YOUR GOAL: From the first line to the last, copy the listing exactly and omit the pictures.

PROVIDED DATA:
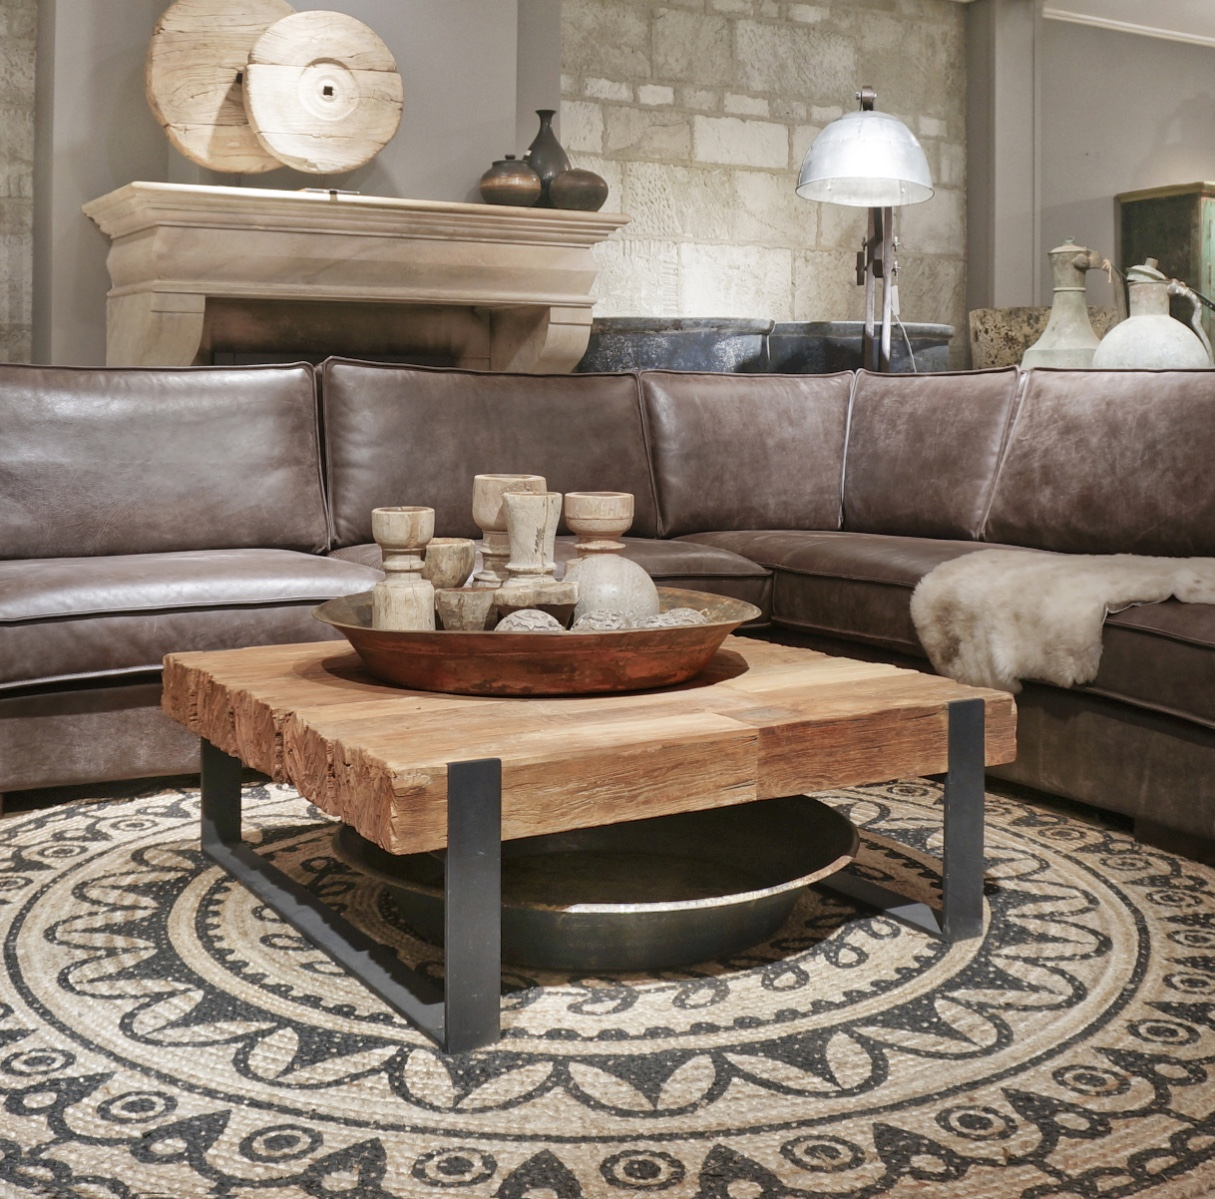 salontafel bigboy 100 x 100 kleinmeubelen collectie looiershuis. Black Bedroom Furniture Sets. Home Design Ideas
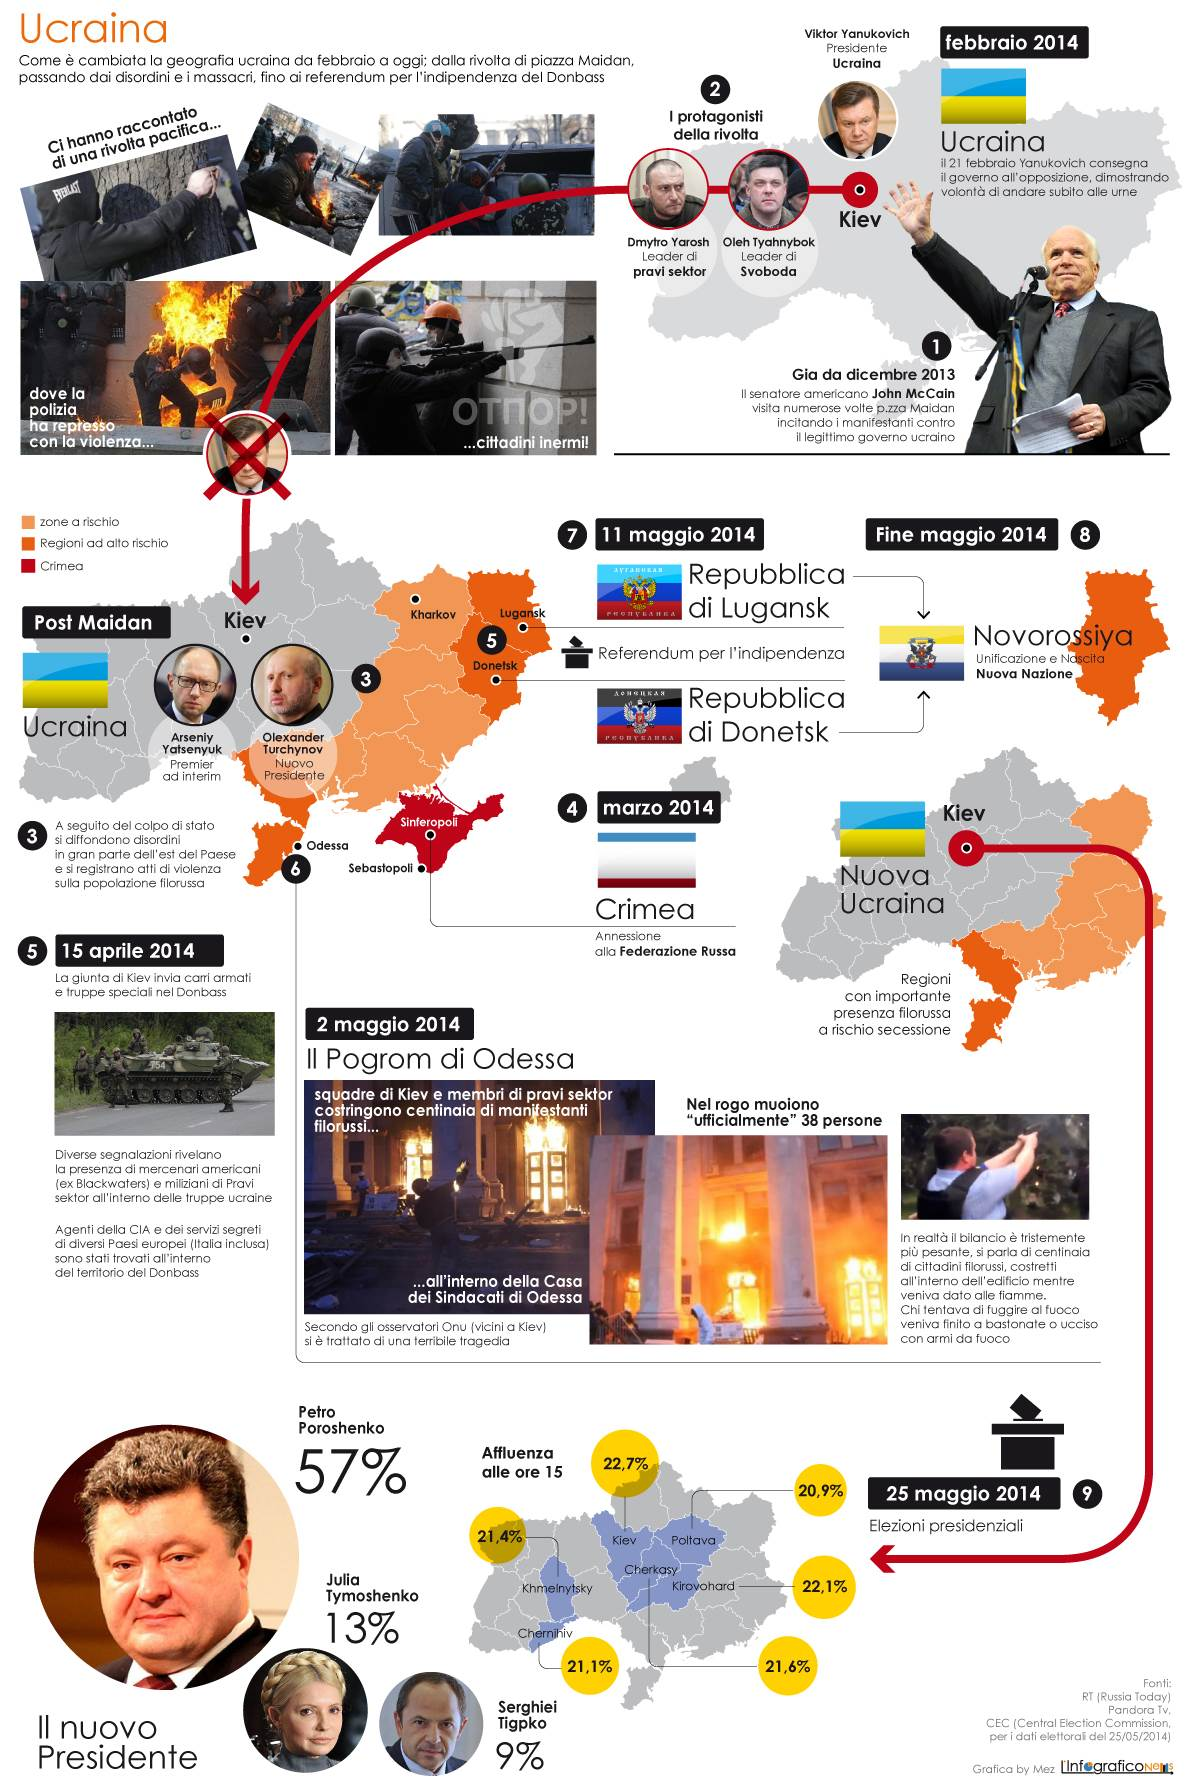 Nuova-Ucraina
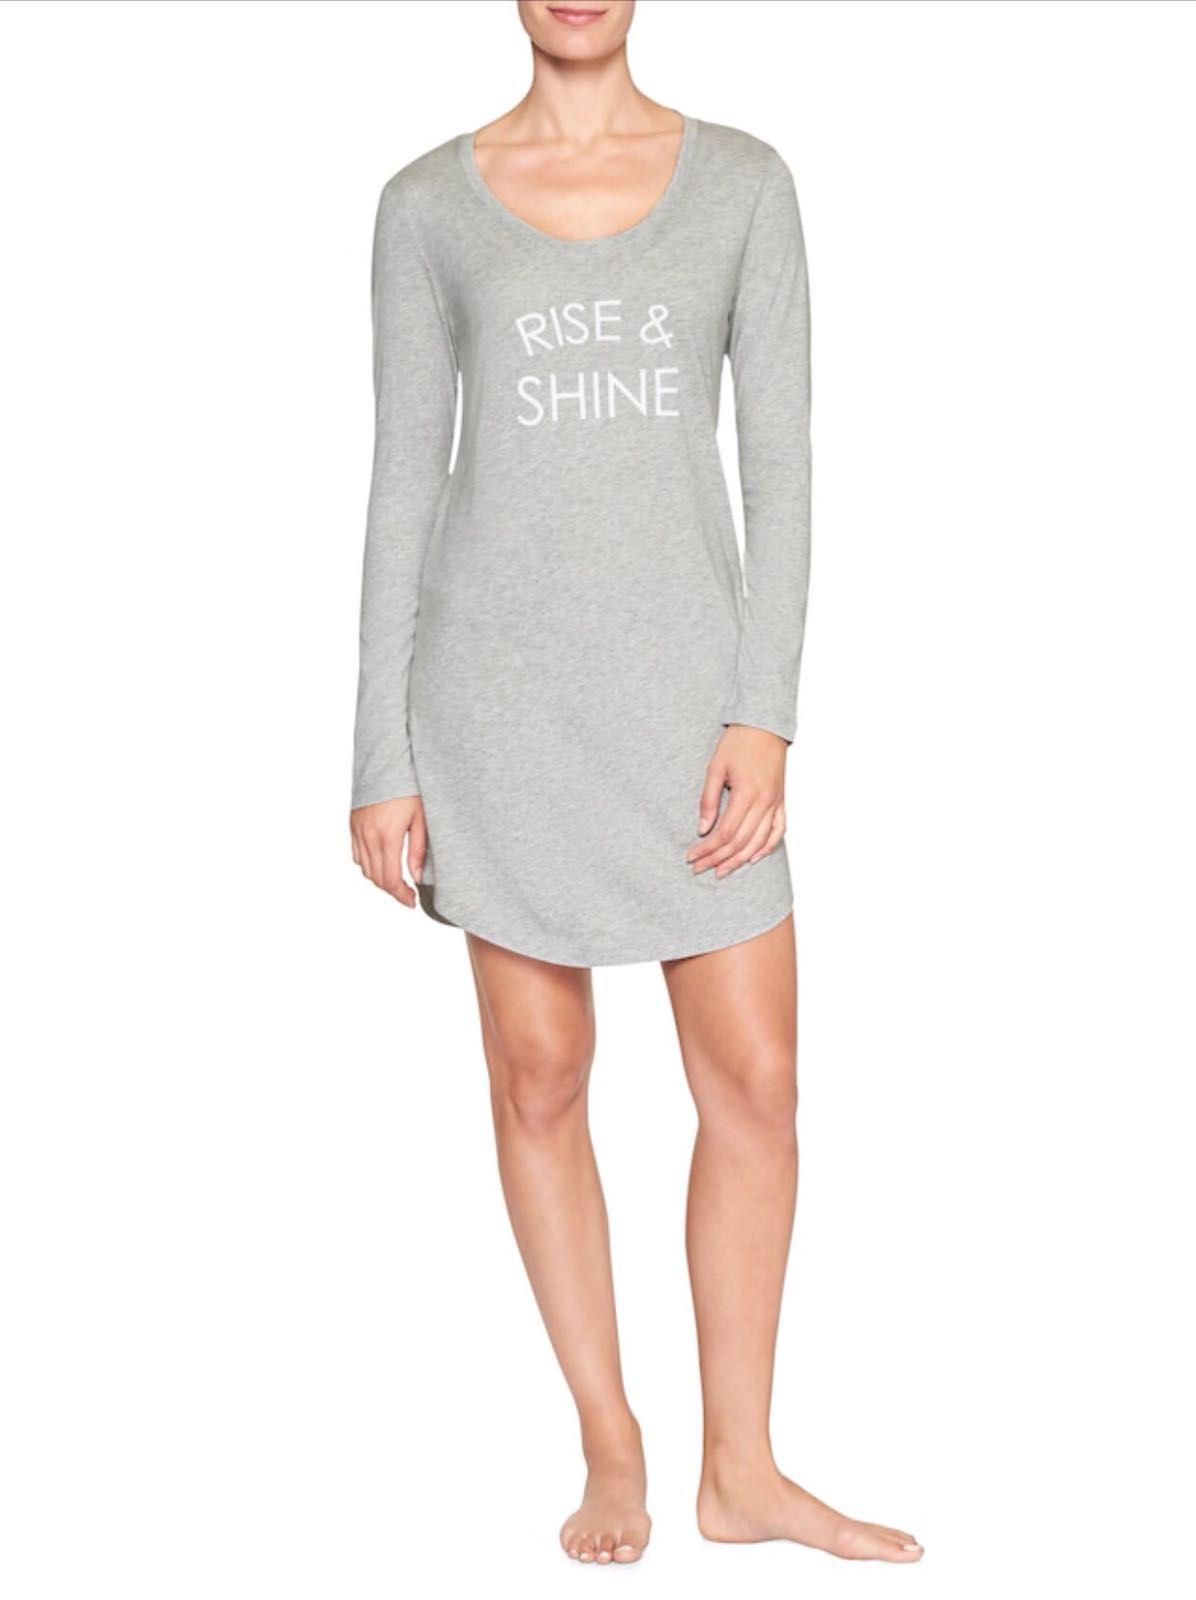 Camisola GAP Rise e Shine - Cinza

TASK SOLUTION:
 salontafel bigboy 100 x 100 kleinmeubelen collectie looiershuis. Black Bedroom Furniture Sets. Home Design Ideas
 Nuova-Ucraina
 Camisola GAP Rise e Shine - Cinza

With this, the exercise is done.